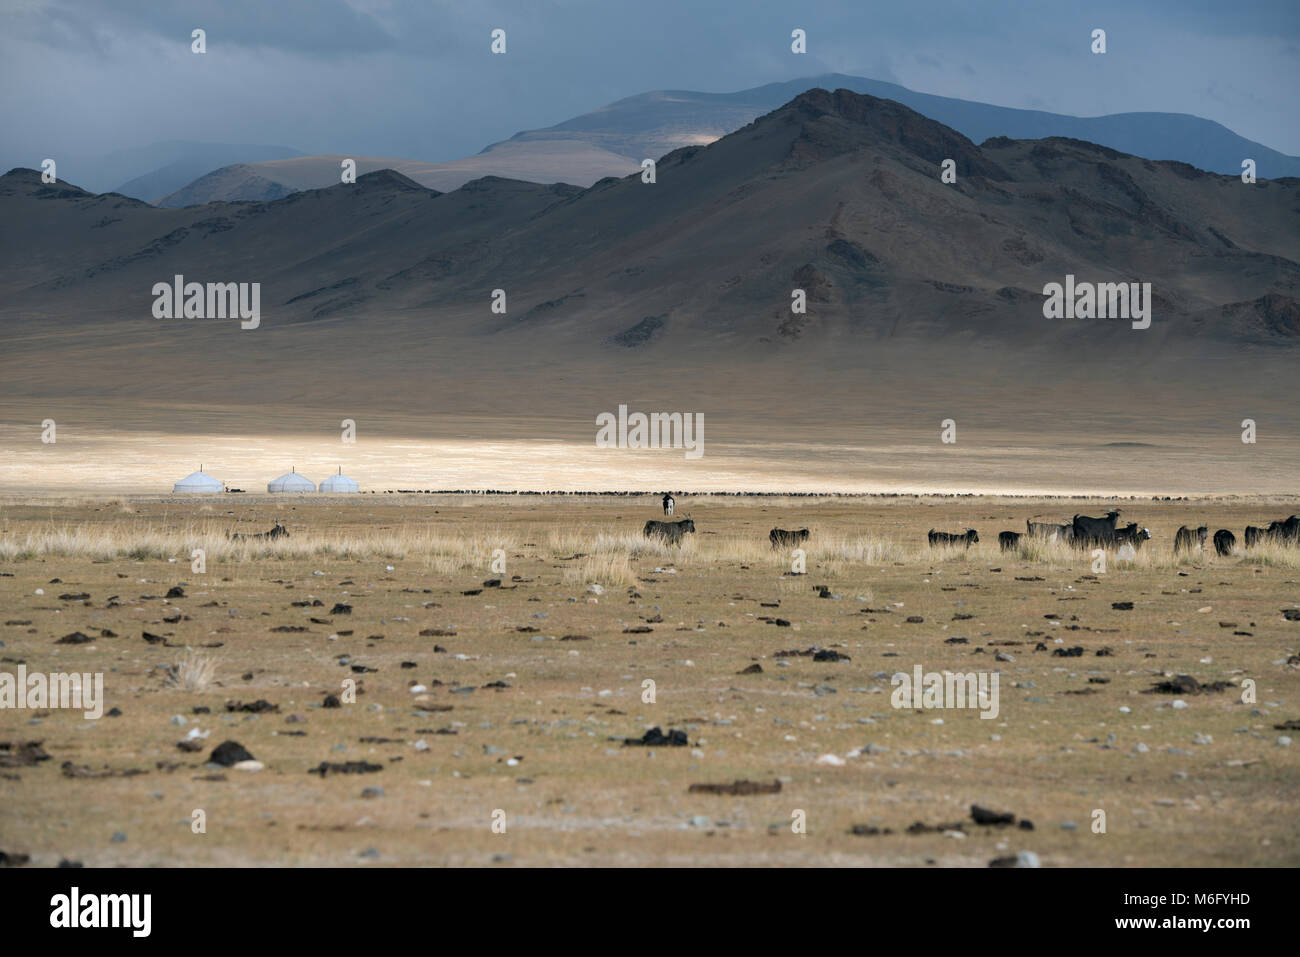 Un allevamento di bestiame al pascolo accanto a tre il kazako gers (yurta). Montagne di Altai, Mongolia occidentale. Foto Stock
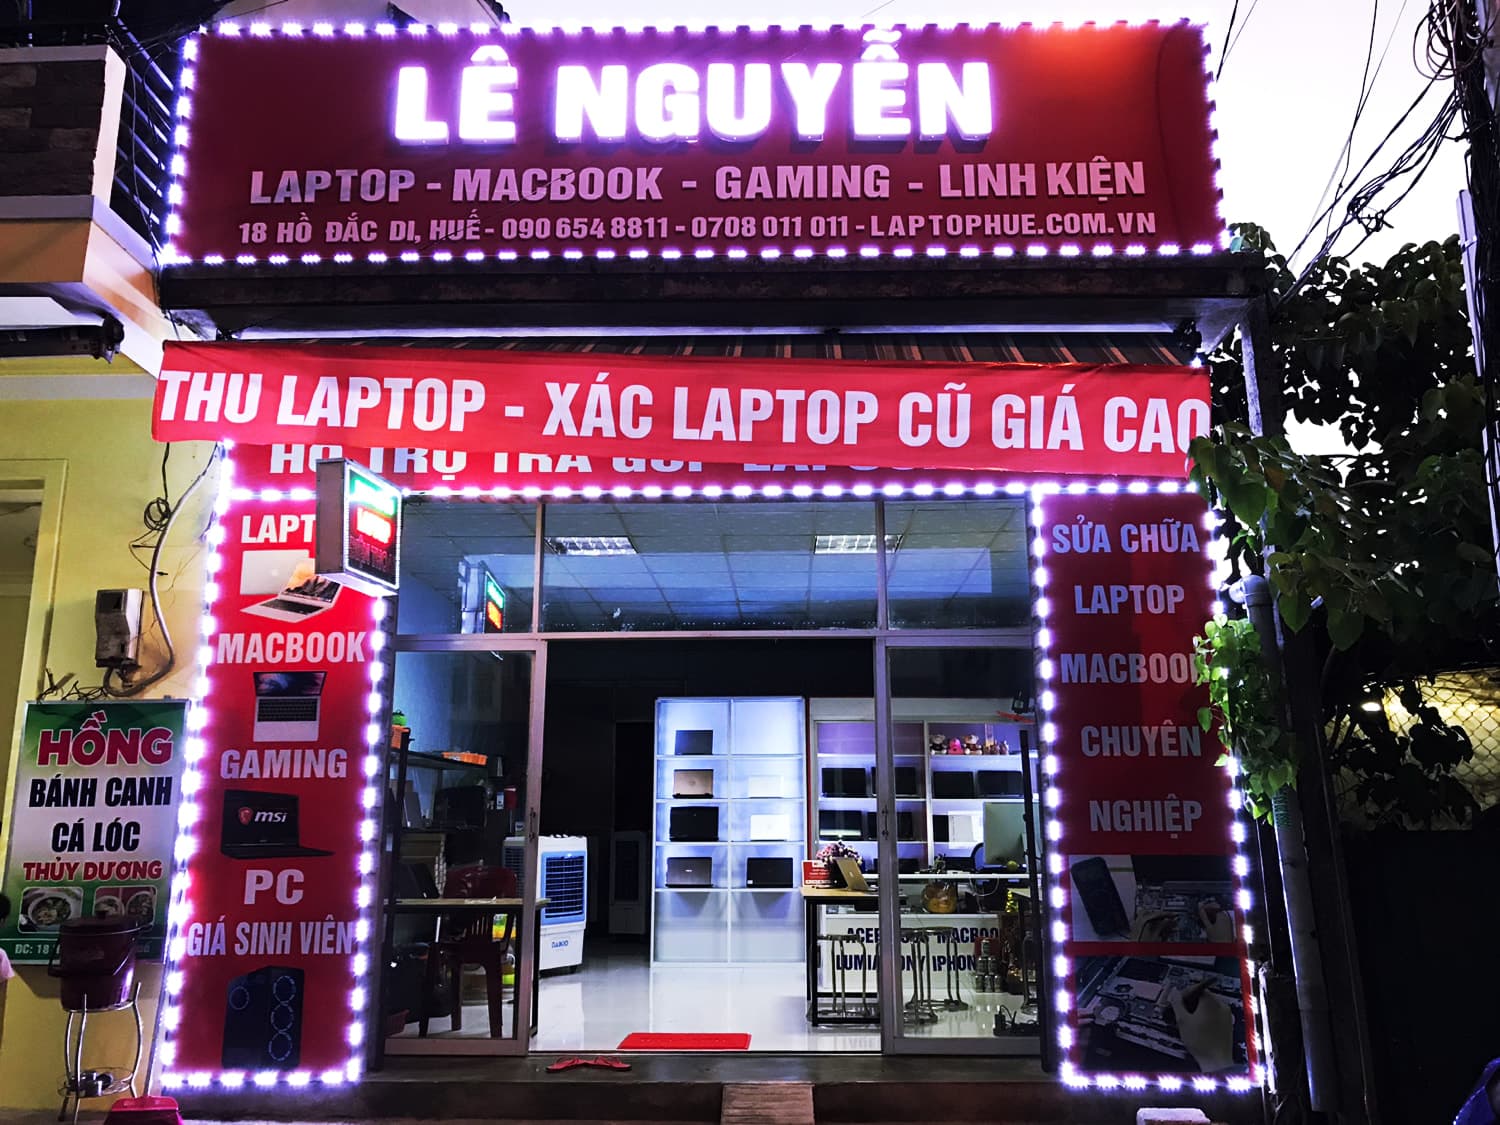 Laptop Tại Huế - Lê Nguyễn Laptop - Laptophue.Com.Vn ảnh 1
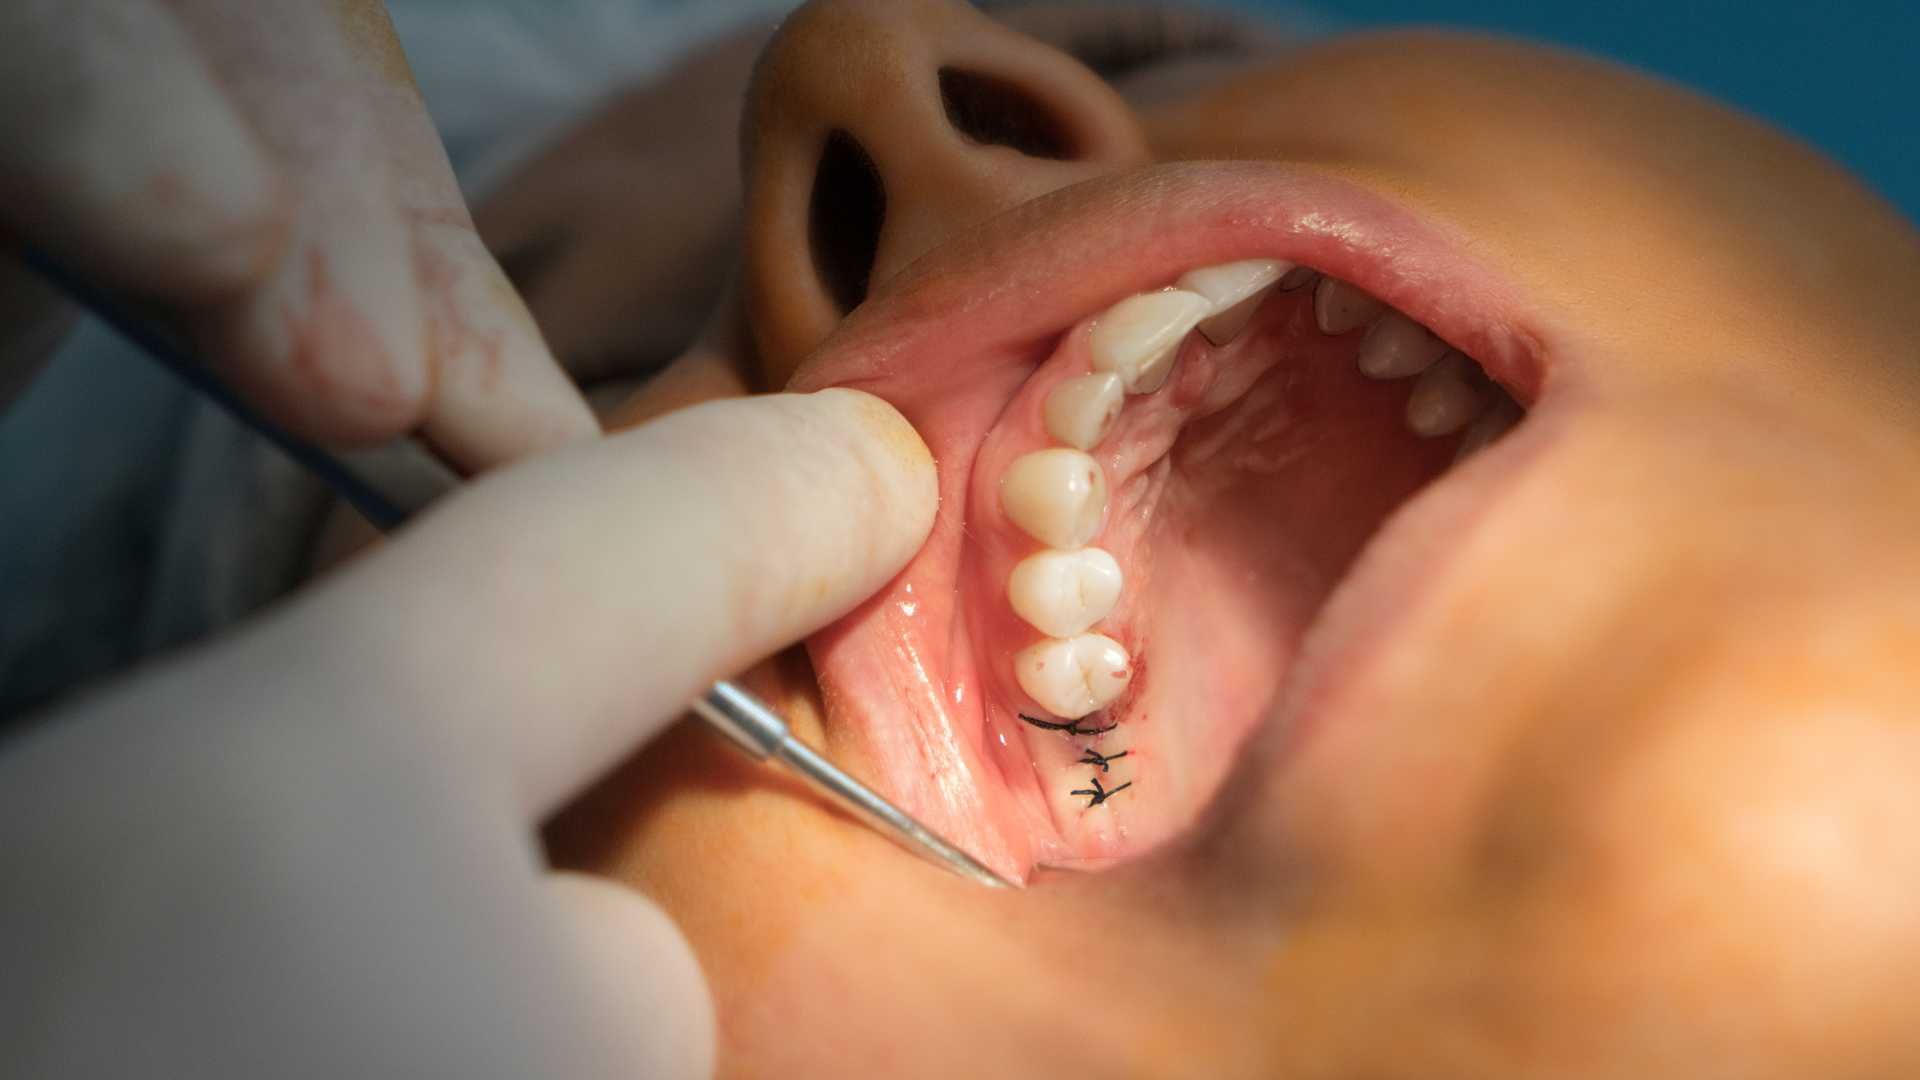 عصب کشی دندان 1 کانال دکتر کاملیا علیجانی در تهران 1
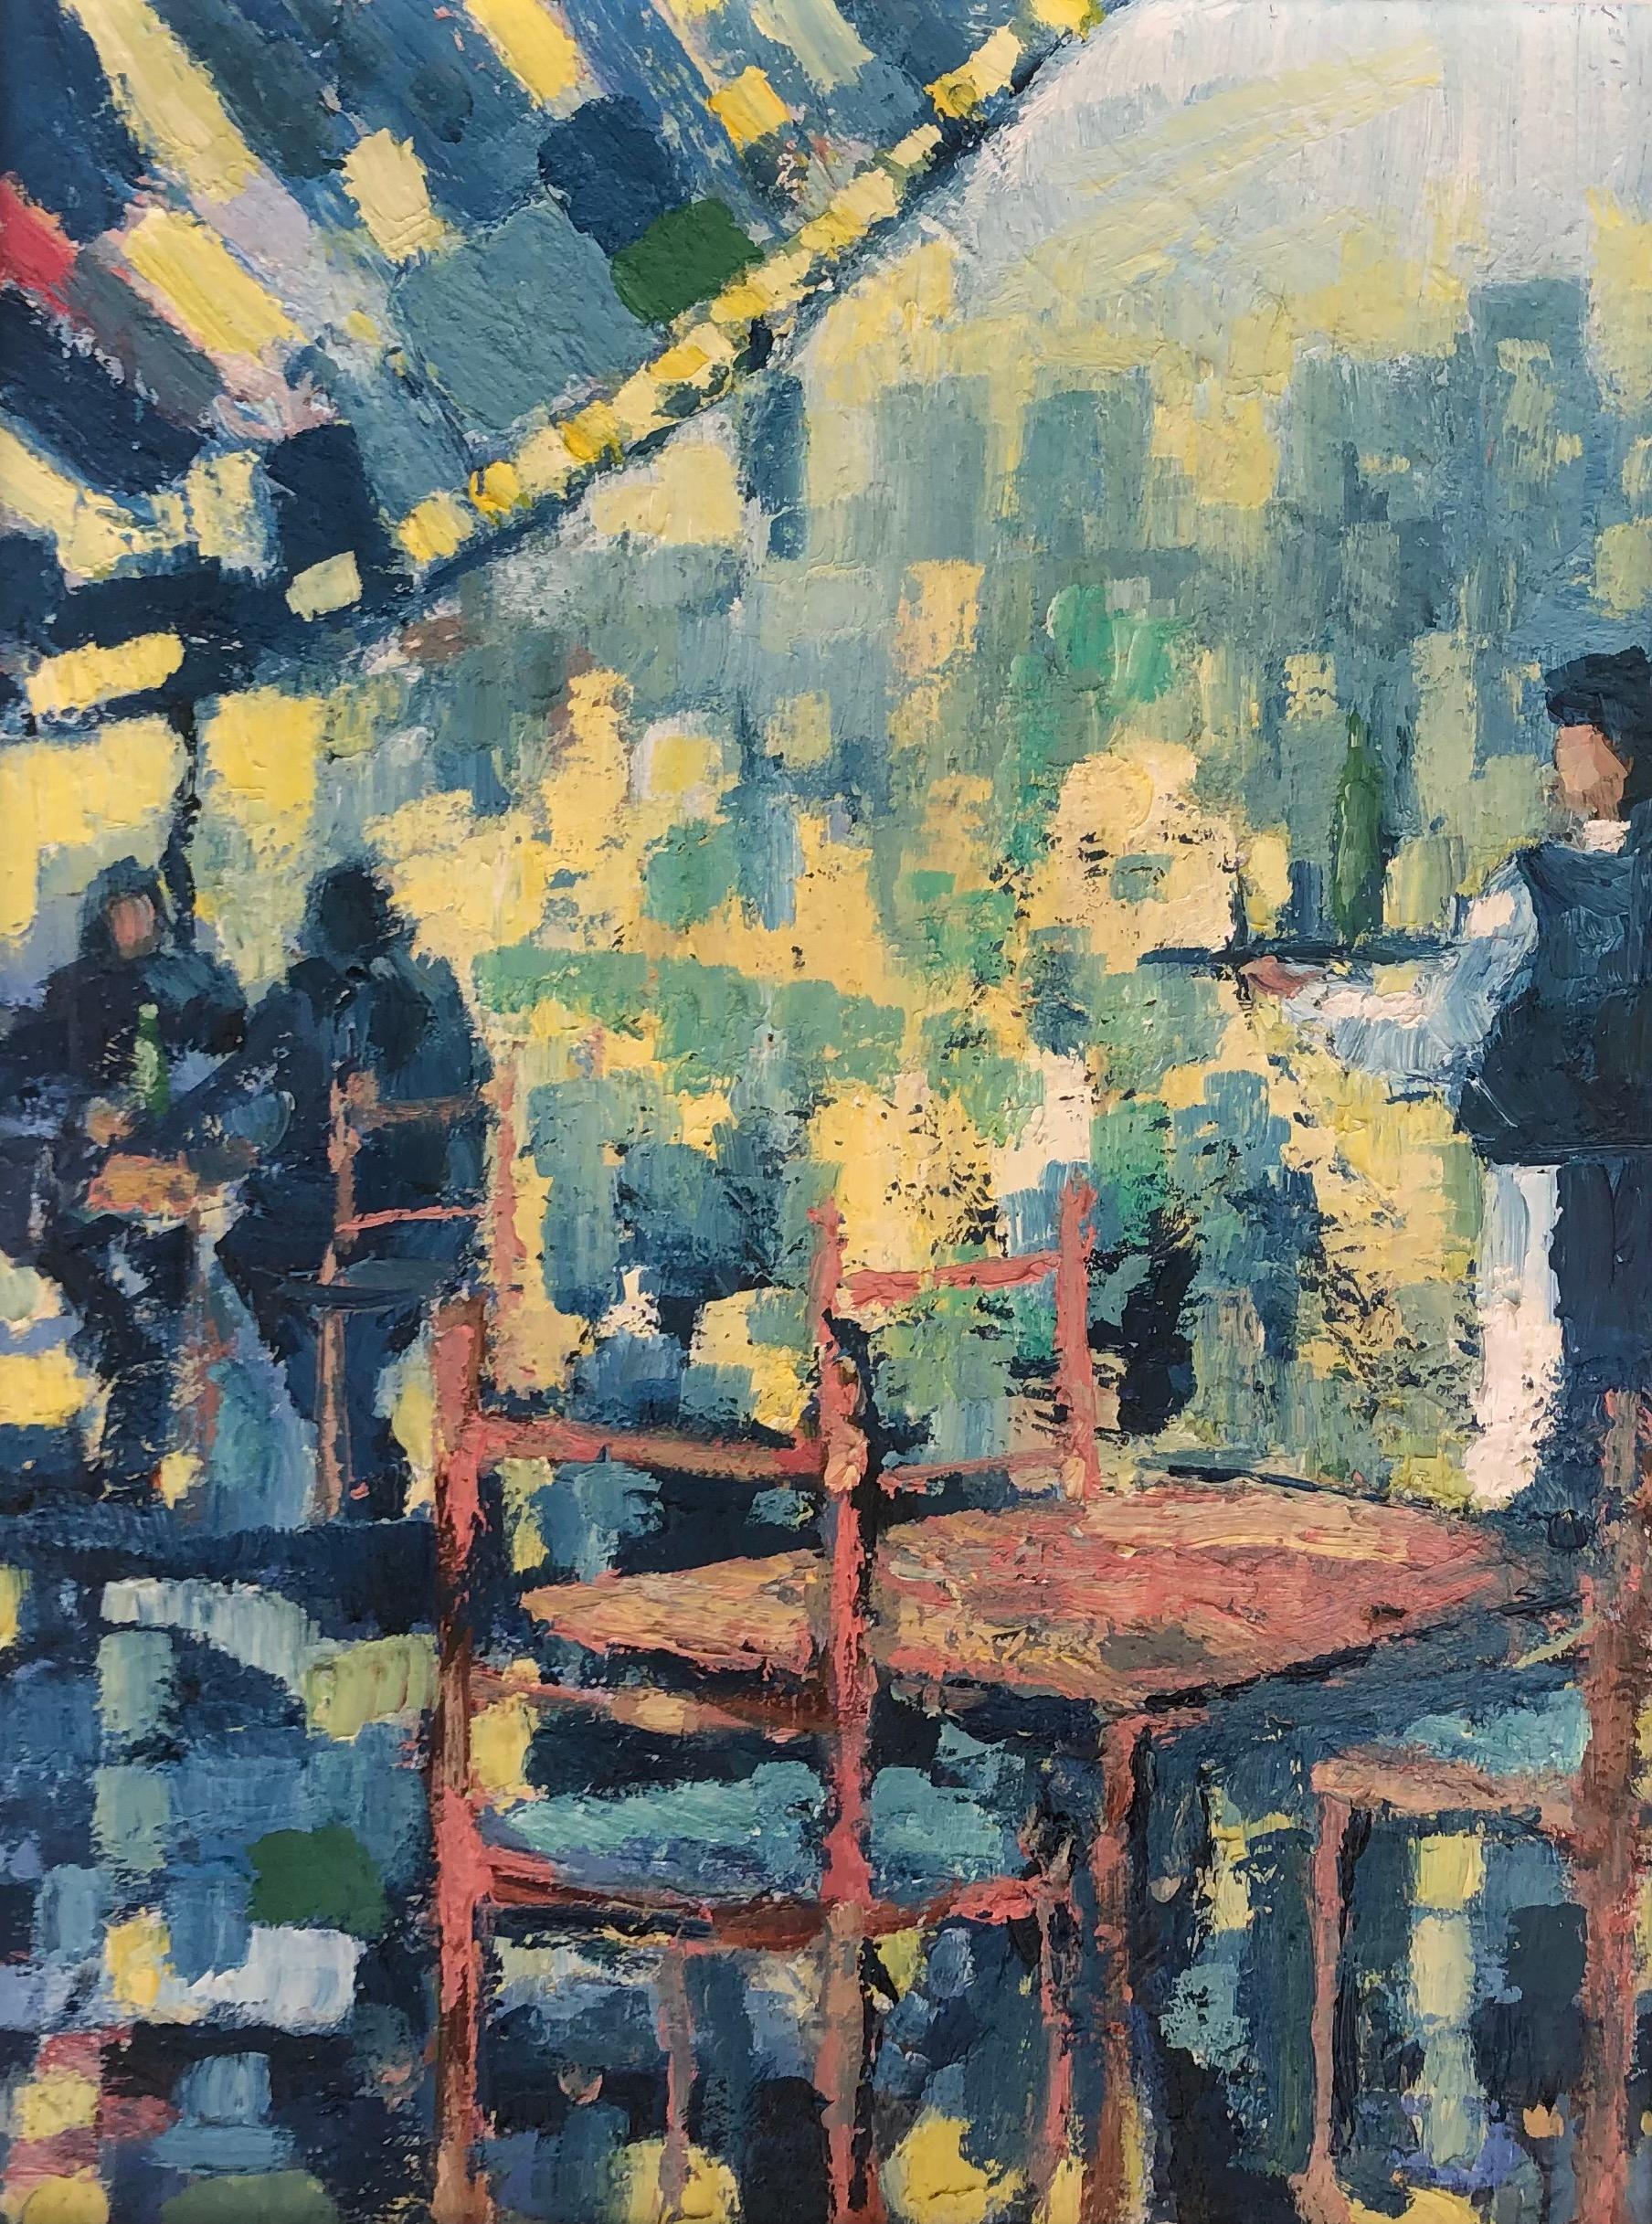 Cafe Society-originale impressionistische figurative Stadtbildmalerei-zeitgenössisch

####################

_ASSIGNMENT_. This task calls for the listing to be restated exactly, with images omitted.

_ANSWER SECTION_.
 Un allevamento di bestiame al pascolo accanto a tre il kazako gers (yurta). Montagne di Altai, Mongolia occidentale. Foto Stock
 Laptop Tại Huế - Lê Nguyễn Laptop - Laptophue.Com.Vn ảnh 1
 عصب کشی دندان 1 کانال دکتر کاملیا علیجانی در تهران 1
 Cafe Society-originale impressionistische figurative Stadtbildmalerei-zeitgenössisch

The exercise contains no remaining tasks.